Brazil and Russia are tied for third largest rare earths reserves globally. Brazil was not a major producer of rare earths in 2022, with production falling to a tiny 80 MT, even lower than its 2021 total of 500 MT. A rare earths deposit worth US$8.4 billion was found in 2012 in the country, although not much has come out of the discovery.

Russia produced 2,600 MT of rare earths in 2022, more than Brazil and Vietnam. The Russian government shared plans in 2020 to invest US$1.5 billion in order to compete with China in the rare earths market. Russia’s invasion of Ukraine has caused some concern over possible disruptions to the rare earths supply chain in the US and Europe, and it remains to be seen how the war will affect its at-home rare earths development plans as well.

4. India
Reserves: 6.9 million MT

India’s rare earths reserves sit at 6.9 million MT, and it produced 2,900 MT of rare earths in 2022. India has nearly 35 percent of the world’s beach and sand mineral deposits, which are significant sources of rare earths. The country's Department of Atomic Energy released a statement in December 2022 breaking down the country's production and refining.

5. Australia
Reserves: 4.2 million MT

While Australia was the third largest rare earths-mining country in 2022 at 18,000 MT of production, it has the fifth largest reserves in the world. Currently, its reserves stand at 4.2 million MT.

Rare earths have only been mined in Australia since 2007, but extraction is expected to increase moving forward. Lynas Rare Earths (ASX:LYC,OTC Pink:LYSCF) operates the Mount Weld mine and concentration plant in the country; it also runs a rare earths refining and processing facility in Malaysia. The company is considered the world’s largest non-Chinese rare earths supplier.

6. United States
Reserves: 2.3 million MT

While the US reported the second highest output of rare earths in 2022 at 43,000 MT, the country takes the sixth top spot in global rare earths reserves. Its reserves saw a big bump from 2021's total of 1.8 million MT.

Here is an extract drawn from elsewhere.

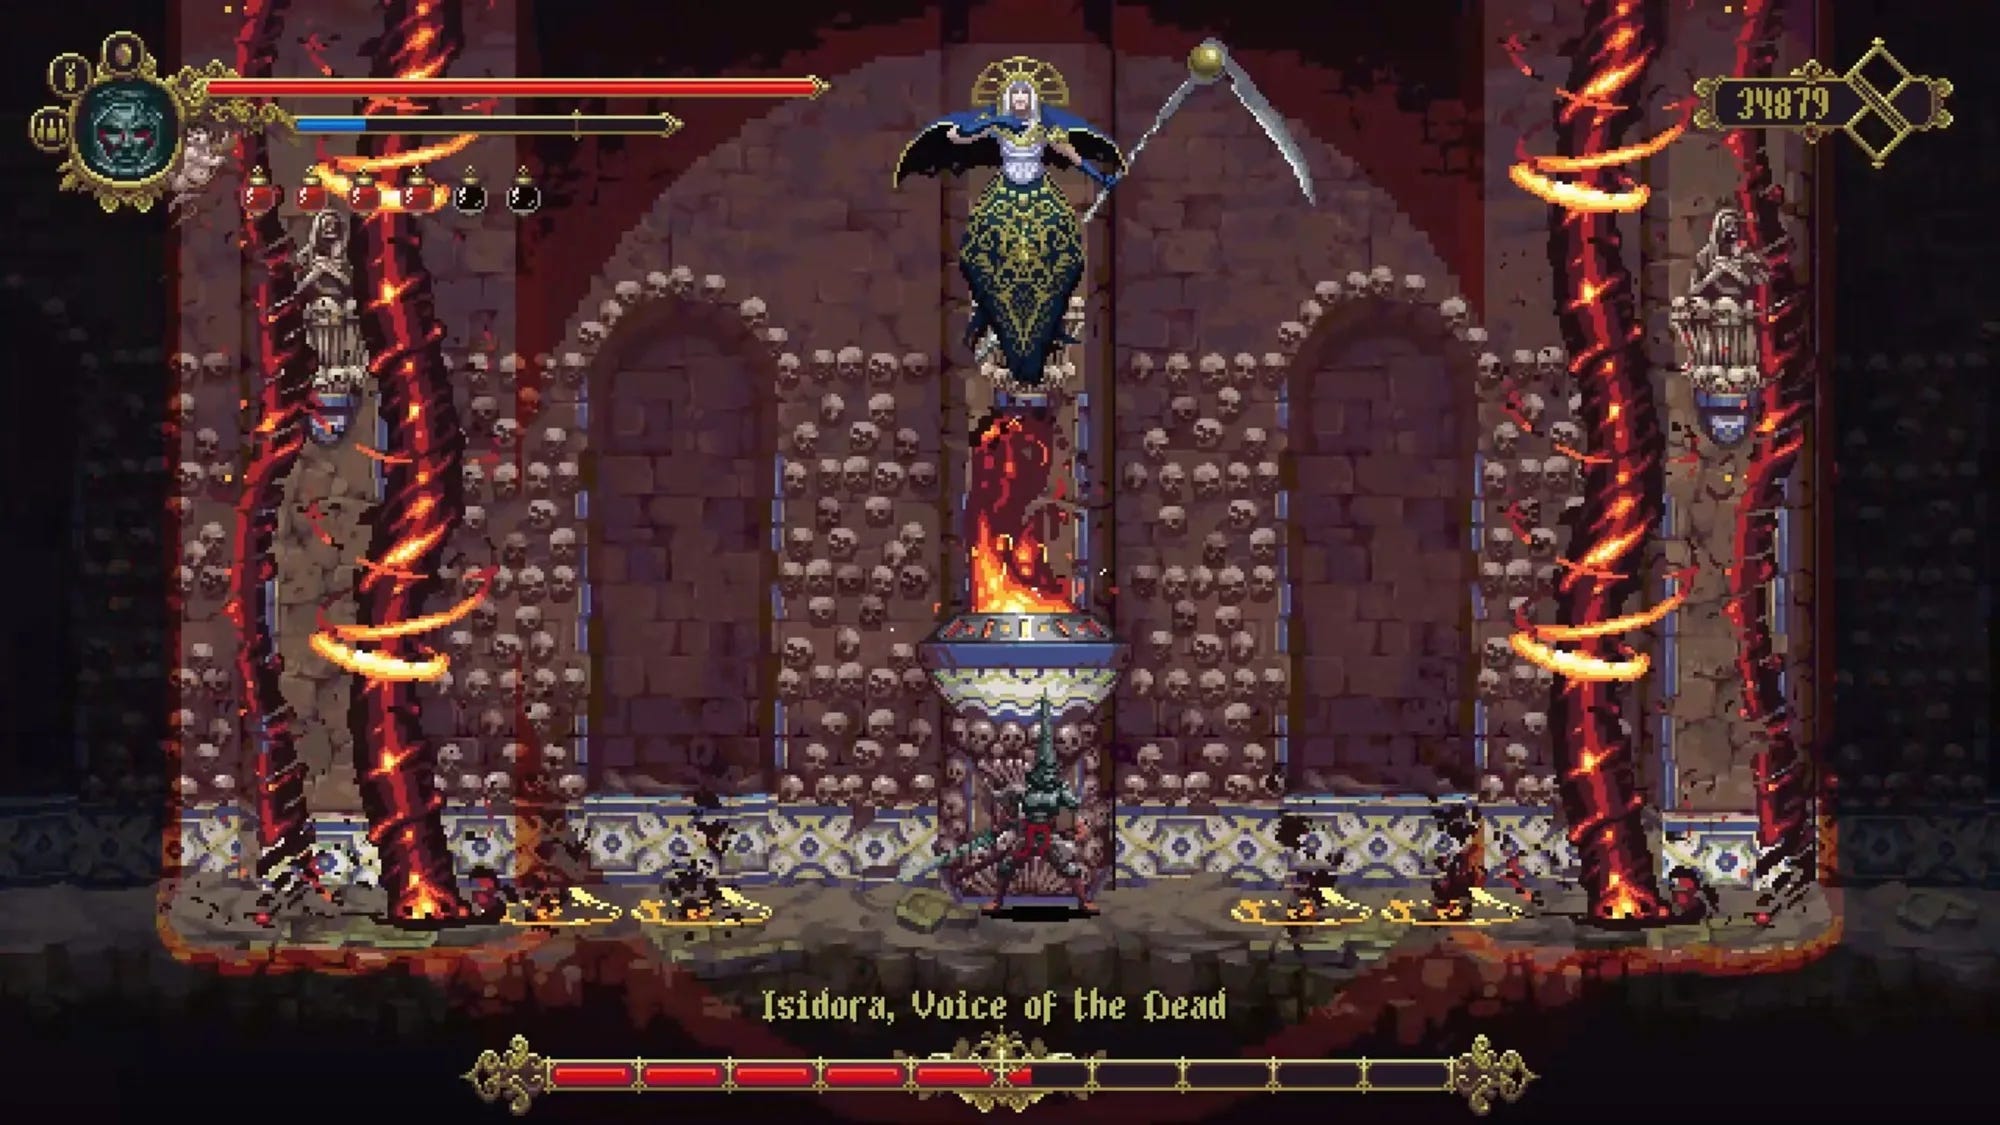 Hey Castlevania Fans, excited to share publisher Merge Games and

Rare earths mining in the US now happens only at California’s Mountain Pass mine. In February 2021, President Joe Biden signed an executive order aimed at reviewing shortcomings in America’s domestic supply chains for rare earths, medical devices, computer chips and other critical resources. The next month, the US Department of Energy announced a US$30 million initiative to research and secure domestic supply chains for rare earths and battery metals such as cobalt and lithium. The government released a follow-up fact sheet about the progress made in these initiatives in February 2022.

7. Greenland
Reserves: 1.5 million MT

Although Greenland’s rare earths reserves number is close to that of the US, the island nation hasn’t made much of an effort to bring them into production. The country’s current government ran on a platform that included canceling Greenland's only (and highly controversial) rare earths-mining project, Energy Transition Minerals' (ASX:ETM,OTC Pink:GDLNF) Kvanefjeld. The government followed through with rejecting the project's exploitation license, and the company's request for interim orders against the decision was declined in September 2022.